Soper regularly posts content from BHL to her own Twitter feed (@Flora150Project), where she explores botanical subjects around folklore, scientific illustration, and local flora. In fact, it was her activity on Twitter that first led her to the Annals of the Botanical Society of Canada, and by extension Kate Crooks.
“I originally began my Twitter page in 2017, during Canada 150, the 150th anniversary of Canadian confederation,” explains Soper. “I planned to create a flora of Kingston, and started posting photos from rambles around the city. I turned to BHL’s catalogue to see whether I could find an earlier example of Kingston’s flora, and that’s what led me to the Annals of the Botanical Society of Canada.”
More recently, Soper’s interests have turned towards phenological records — specifically, calendars of flora. Published in 1762, Miscellaneous tracts relating to natural history, husbandry, and physick… includes two calendars of flora—one recorded in Norfolk, England, and the other, in Uppsala, Sweden.
“Each calendar dovetails with the other; evoking a sense of time unfolding from one season to the next,” shares Soper. “There’s also a rather poetic quality in the writing.”
For example, one entry, from September 1755, reads almost like a haiku:
- SWALLOWS gone. Full moon.
- Autumnal æquinox.
- WOOD LARK… sings.
There was a useful function to these calendars. According to the Swedish calendar, May 13th was “The best time for sowing barley, and the seeds of garden plants.” Since the Wheat Ear (Oenanthe spp.) had recently arrived from its winter home, it was unlikely any further frosts would follow.
Shortly after the world went into lockdown, in the winter of 2020, Twitter user @VenetiaJane posted a prompt for her followers: “Please share your favourite nature-related photographs, poems, quotes…Let’s spread a little #joy and #positivity around the world at a time when we all really need it.’” The hashtag #SolaceInNature was born.
“At the time—mid-March—not much was blooming where I live; just a few willow catkins on a tree near my home. So I turned to the Biodiversity Heritage Library for content,” explains Soper. “Using the hashtag, #CalendarOfFlora, I have been posting these centuries-old documents on my Twitter feed. In fact, a calendar of flora lends itself to sharing on social media, since you can match the content with that day’s date!”
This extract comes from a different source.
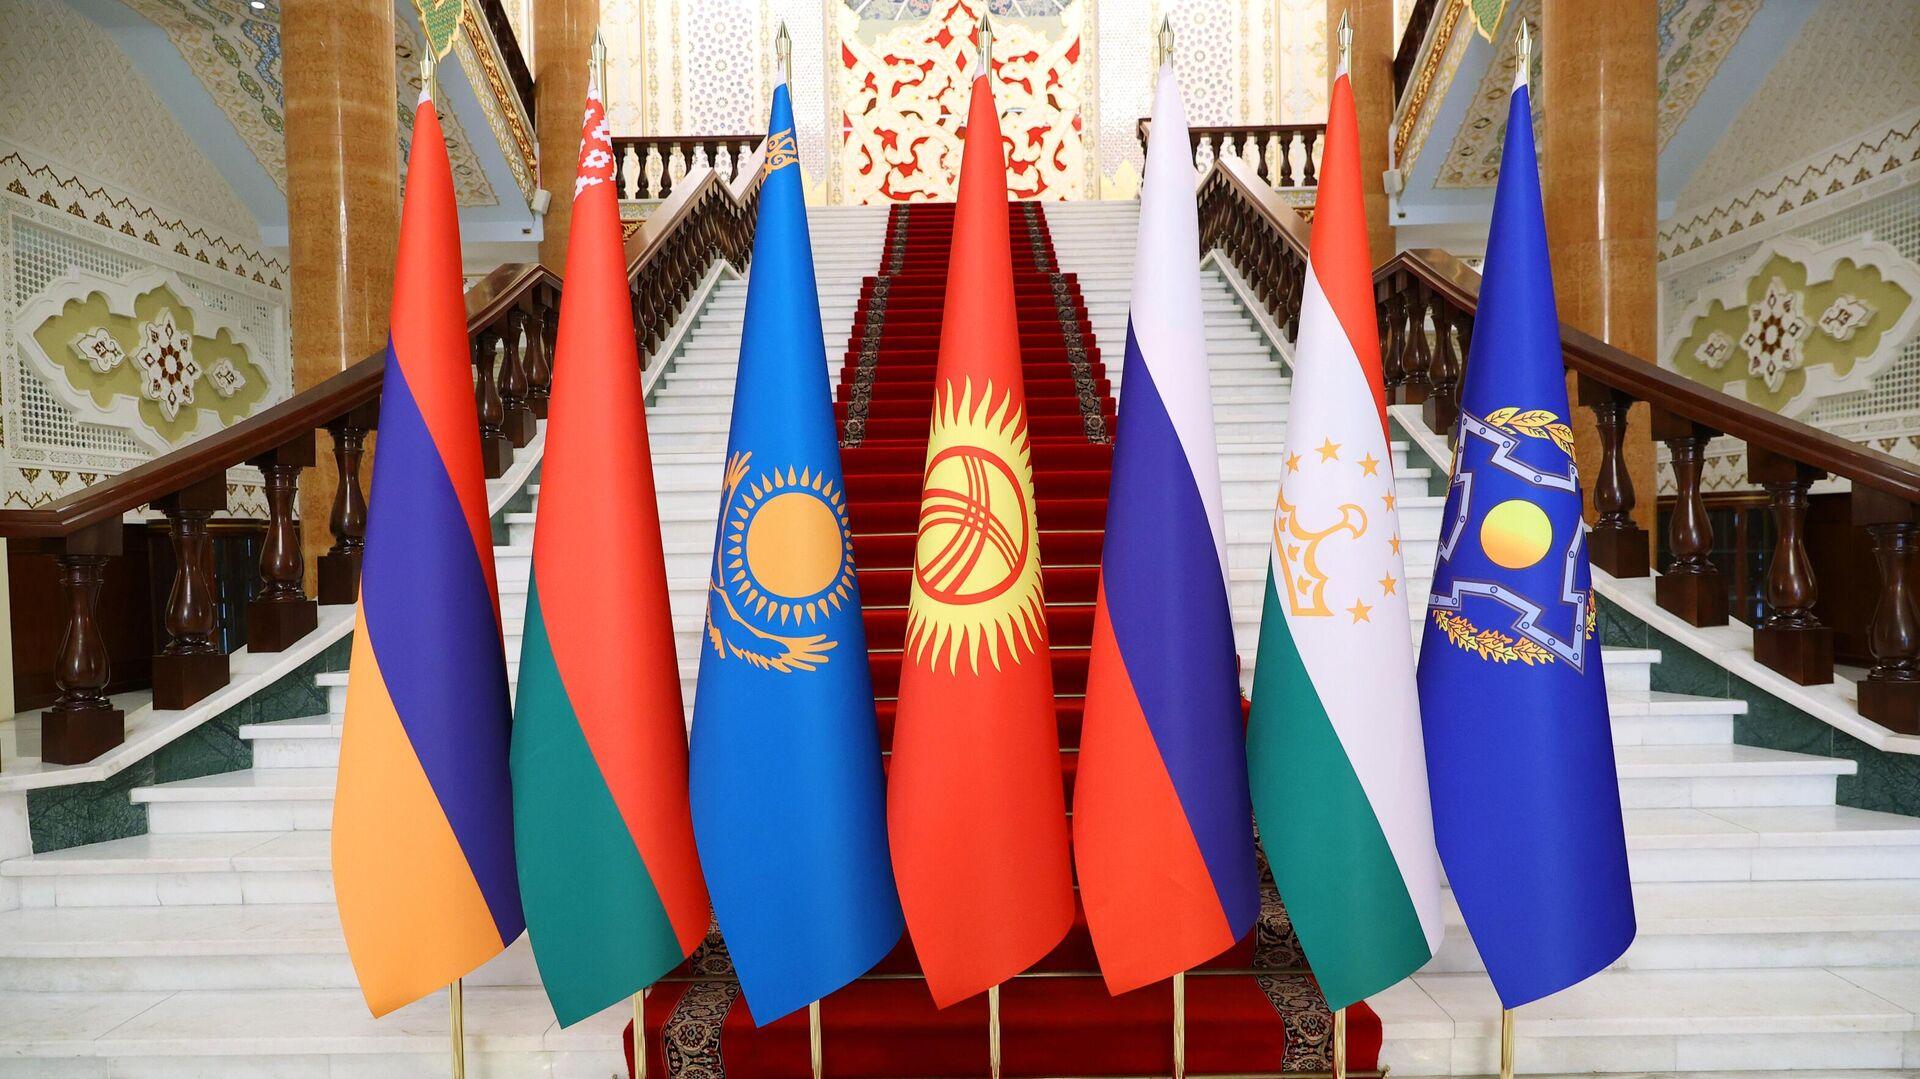 Заседание Совета коллективной безопасности ОДКБ - Sputnik Узбекистан, 1920, 20.09.2021
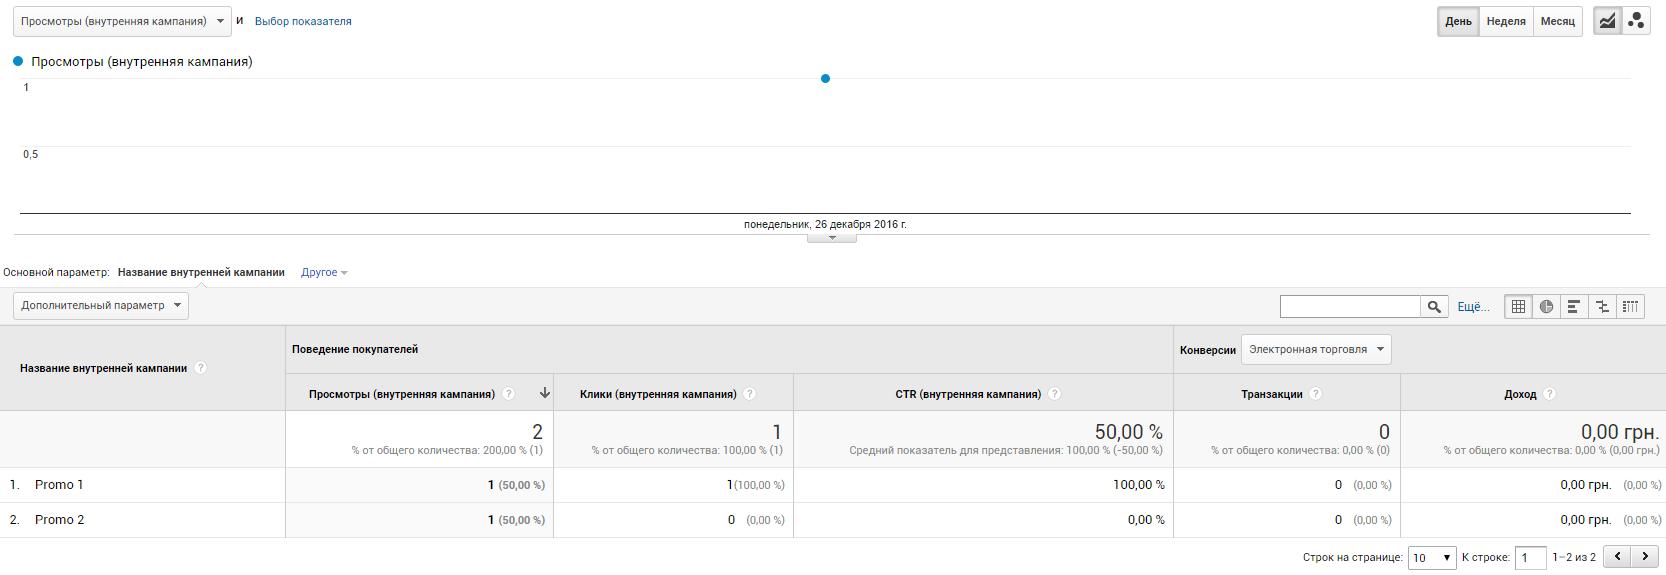 После отправки этих данных в отчете «Маркетинг» — «Внутренняя кампания» изменятся значения показателей «Клики (внутренняя кампания)» и «CTR (внутренняя кампания)»

On April 1, 1755, Alex Berger saw signs of spring: “Moss…sheds its dust”, he wrote. By the 3rd, Berger saw stones loosened from the ice. On the 6th, “Hills begin to appear, the snows being melted,” and serpents came out of their holes. #CalendarOfFlora #OTD #SolaceInNature pic.twitter.com/W4c5FpAj2U
— Anna Soper (@Flora150Project) April 1, 2020
“People are finding new ways to relate to each other—and the world around us—at this time,” remarks Soper. “Since I could not contribute much #SolaceInNature at the start of this crisis, I turned to the work of others; keeping vigil with their words as they, too, waited for spring.”
With centuries of knowledge captured within its pages, the annals of natural history are a rich resource for anyone interested in exploring the natural world. As Soper’s experience shows, any turn of a page could inspire new and unexpected discoveries. We are proud to work with a global network of partners to ensure that anyone, anywhere can be empowered to feed their curiosity, uncover the history of natural history, and be inspired by biodiversity.
“Since I’m outside of academia, I have no opportunities to take time off for research and writing,” shares Soper. “Online, open access resources like the Biodiversity Heritage Library are crucial to piecing together a story like Kate Crooks’, while giving me much-needed leads for in-person research in my spare time.”